When it comes to earthquakes in the U.S., all eyes tend to be on the San Andreas fault network in California. However, back in 2011, there was an unusually powerful earthquake in Virginia, which is all the way over on the other side of the contiguous United States. The fact that a magnitude 5.8 quake happened at all in this region is quite bizarre; it’s not near any tectonic plate boundaries where tremors are generated.

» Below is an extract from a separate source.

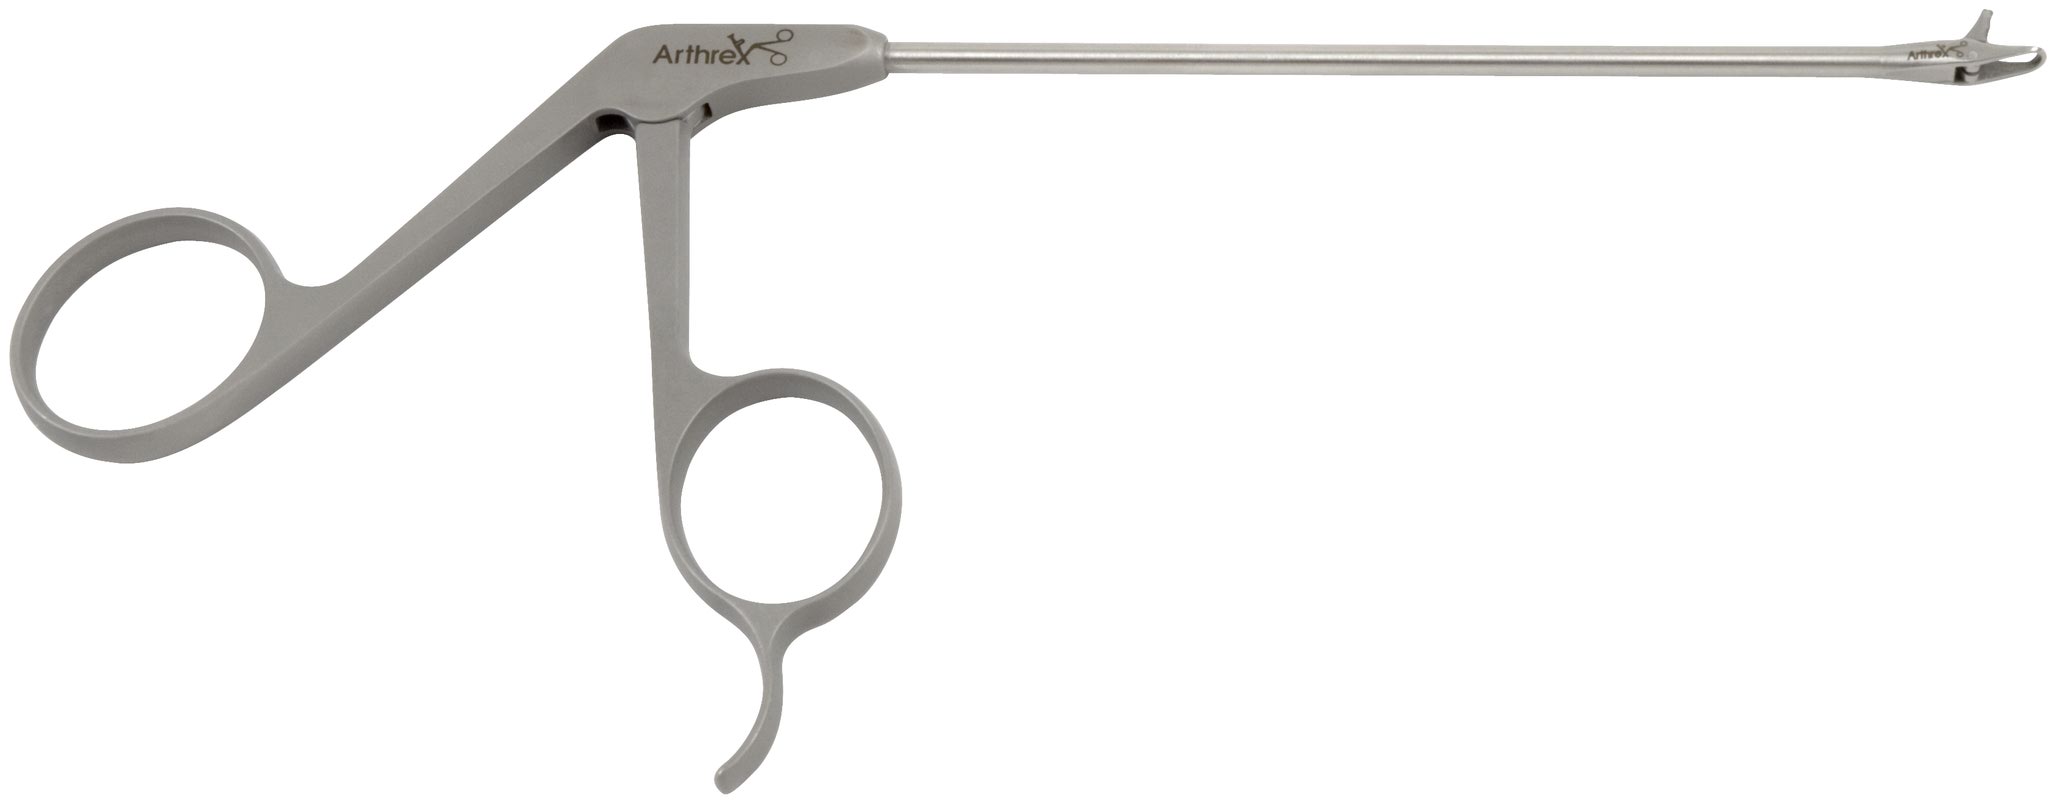 Arthrex - Punch, Medium 45° Right Angled Tip, ø3.4 mm Straight

This seismic conundrum has utterly baffled scientists, but a new study, published in the Journal of Geophysical Research – Solid Earth, may have solved the mystery once and for all. It notes that pieces of the mantle beneath this region are fragmenting and sinking down into the fiery depths of the Earth. Over time, this weakens the overall strength of the plate, making it thinner and prone to bending and slipping, which can generate sizable earthquakes.

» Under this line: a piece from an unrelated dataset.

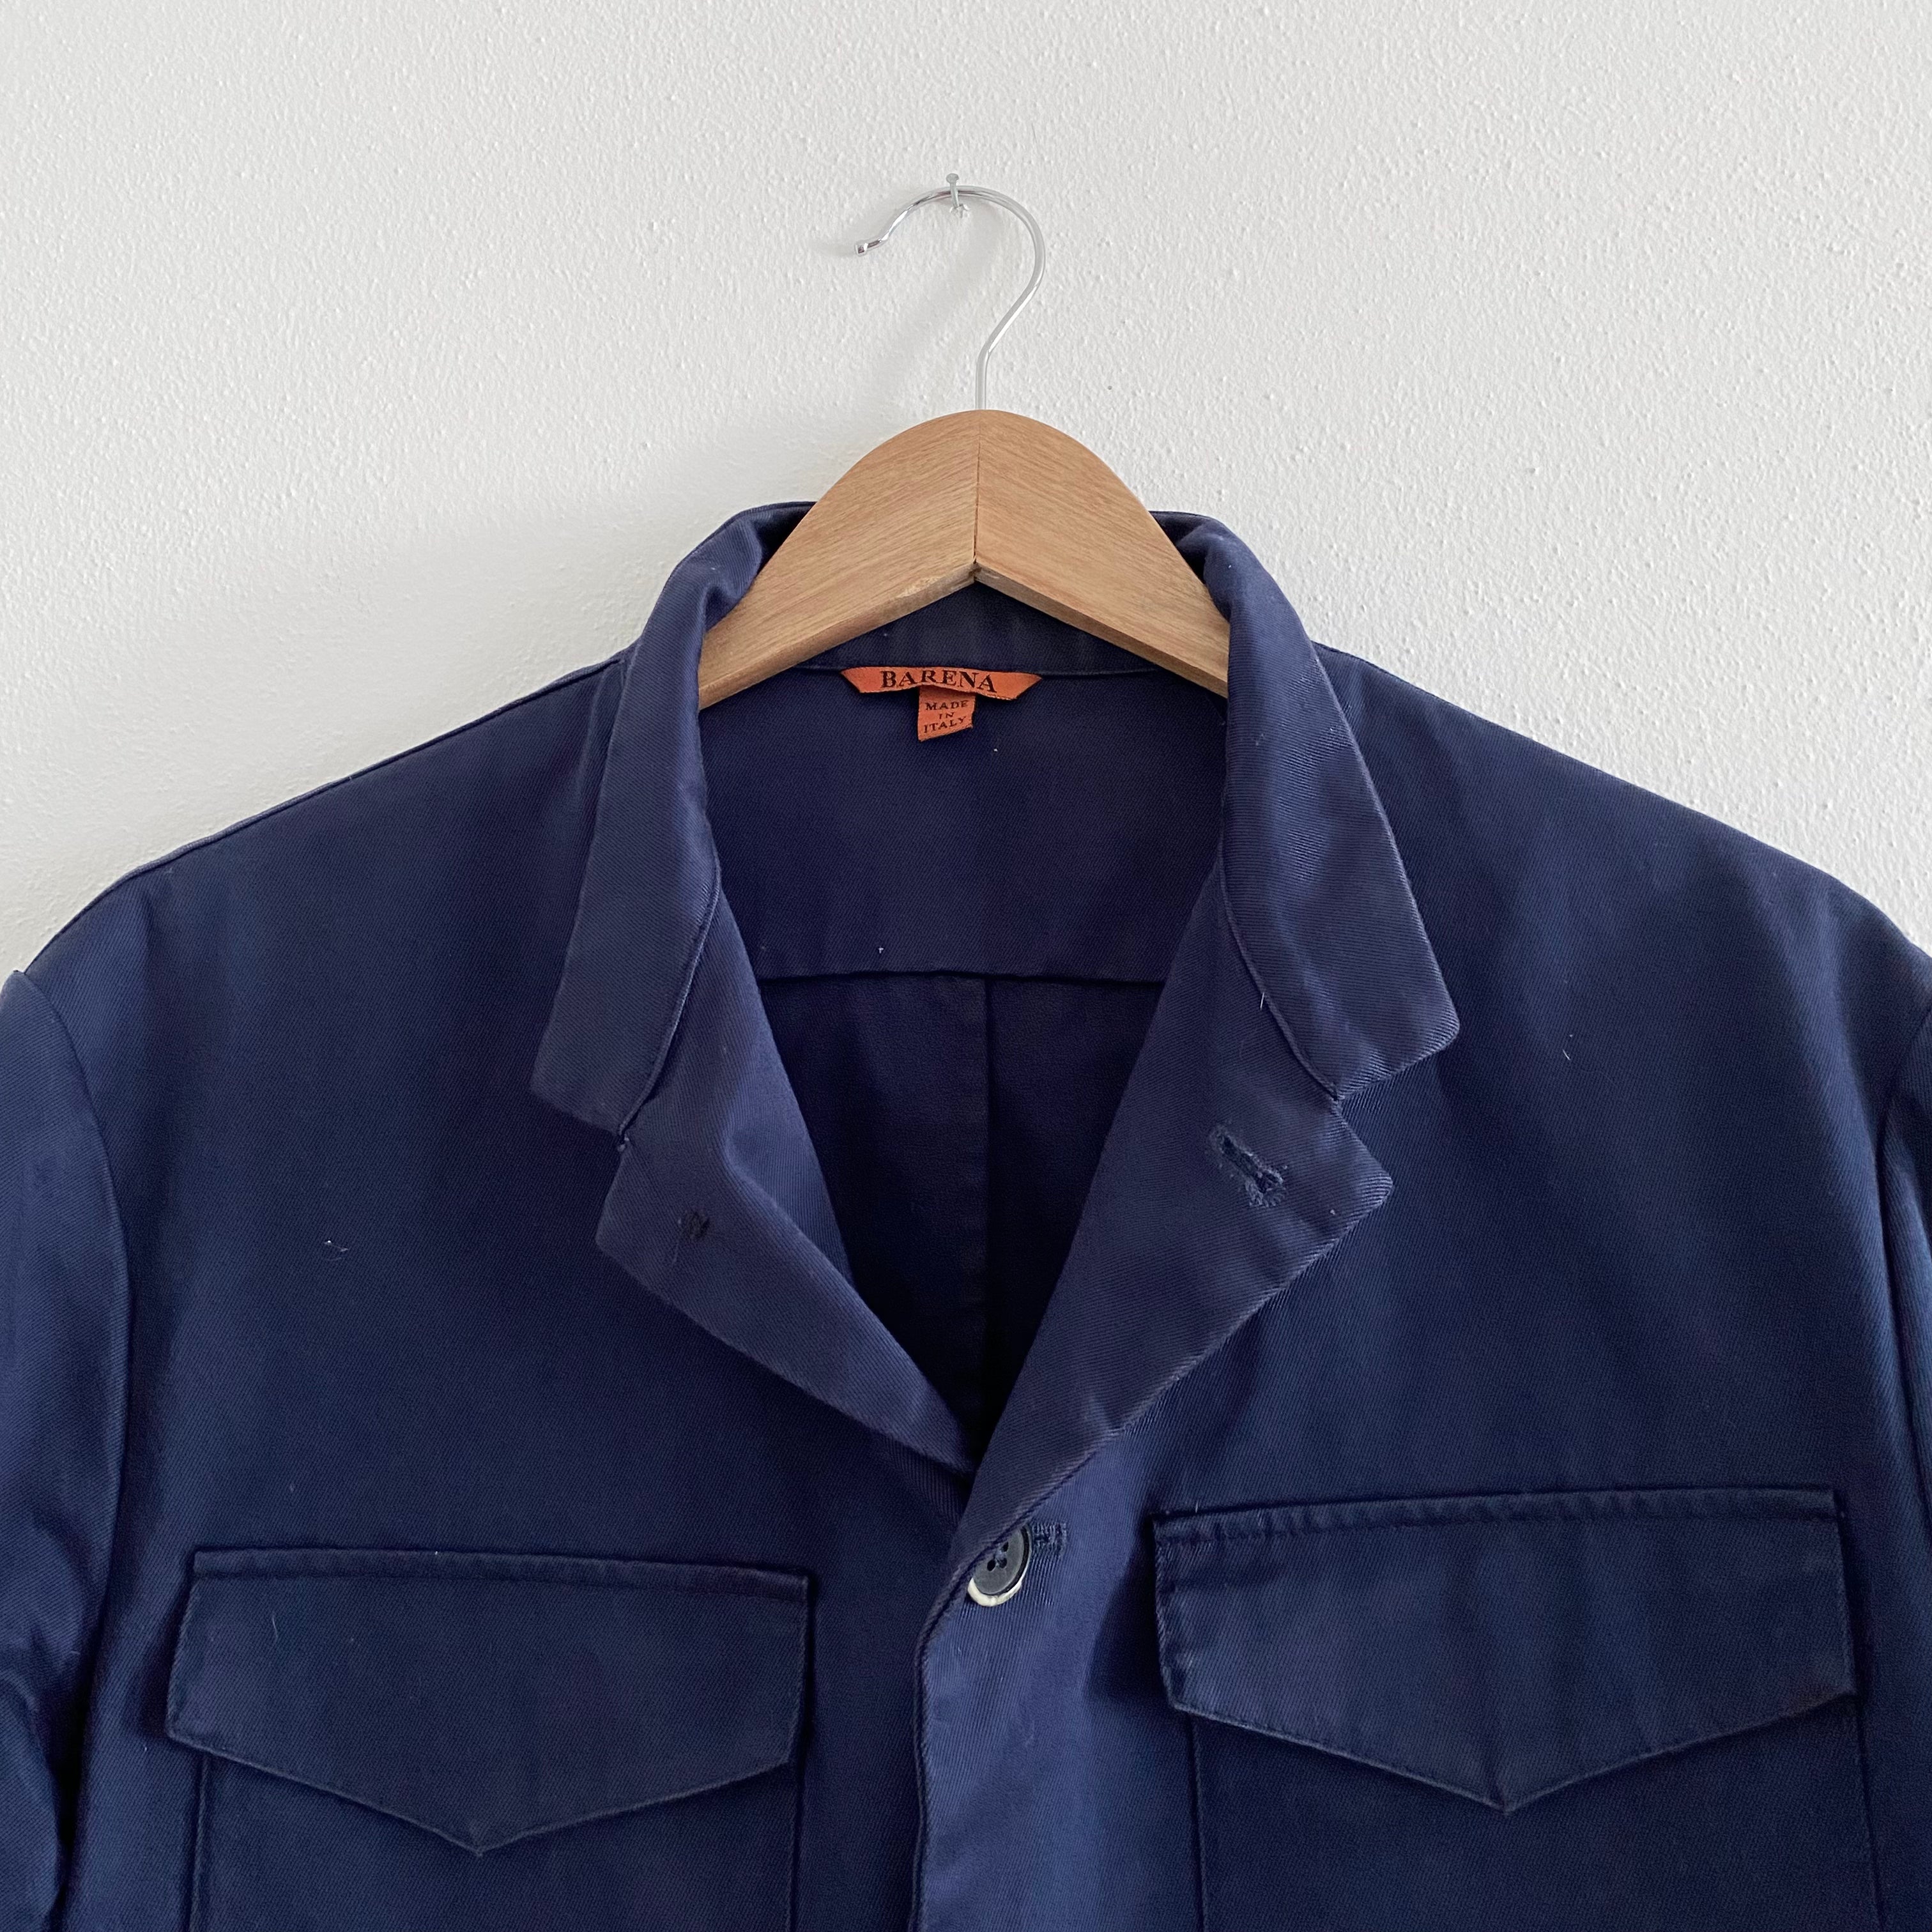 Workwear Overshirt/Jacket - EU 50/M

“Our idea supports the view that this seismicity will continue due to unbalanced stresses in the plate,” Berk Biryol, a seismologist at the University of North Carolina Chapel Hill and lead author of the new study, said in a statement. “The [seismic] zones that are active will continue to be active for some time.”
As you can see, the entire eastern seaboard of the U.S. is nowhere near a plate boundary. Alataristarion/Wikimedia Commons; CC BY-SA 4.0
Earthquakes occur in a range of environments, but they almost always require two things: tectonic plate boundaries and processes that build up stress. Earthquakes do sometimes happen away from plate boundaries, but they tend to be less severe and somewhat harder to explain. The recent seismic activity in the southeastern U.S. is a perfect example of this, so a team of researchers decided to peer beneath the crust and find out what’s going on in the mantle, the partly molten, violently churning layer of the planet.
Tectonic plates, when sliding under one another in subduction zones, can sometimes break into pieces. One of these broken plates has recently been observed impeding the rise of a superheated plume beneath Yellowstone’s caldera. Tectonic plates can also break into pieces far from subduction zones, and this is what the researchers suspected was happening beneath Virginia.
The epicenter of the 2011 Virginia quake. USGS
Scientists use seismic waves, generated by earthquakes, to image what lies below. They travel at different velocities through different materials; the faster they travel, the more solid the material is. Rocks become increasingly solid as they cool, so the faster the seismic waves travel through them, the older the rocks are.
By looking at how seismic waves travel through the world to beneath the U.S., the team produced a 3D map of the mantle in the region. They found that the thickness of the plate beneath the southeastern U.S. is incredibly uneven, with denser older rocks curving downwards and thinner segments remaining relatively stationary.
A slice of the 3D map of the mantle. The blue regions marked with an F are parts of the tectonic plate being dragged downwards. S2 represents upwelling buoyant mantle creating a new plate section. Biryol et al./Journal of Geophysical Research – Solid Earth
It appears that these denser parts are tumbling down into the mantle simply because they’re so heavy. On occasion, the densest parts began to fragment into pieces. The warmer, more buoyant part of the mantle surged upwards to fill in the missing parts of the plate, which is where the thinner, younger bits of rock came from.
These thinner plates, being less stable, are more likely to slip alongside ancient fault lines, or buckle under pressure, causing moderately powerful earthquakes as they do so. This process of plate replacement has been ongoing for the last 65 million years, and is likely to continue into the future.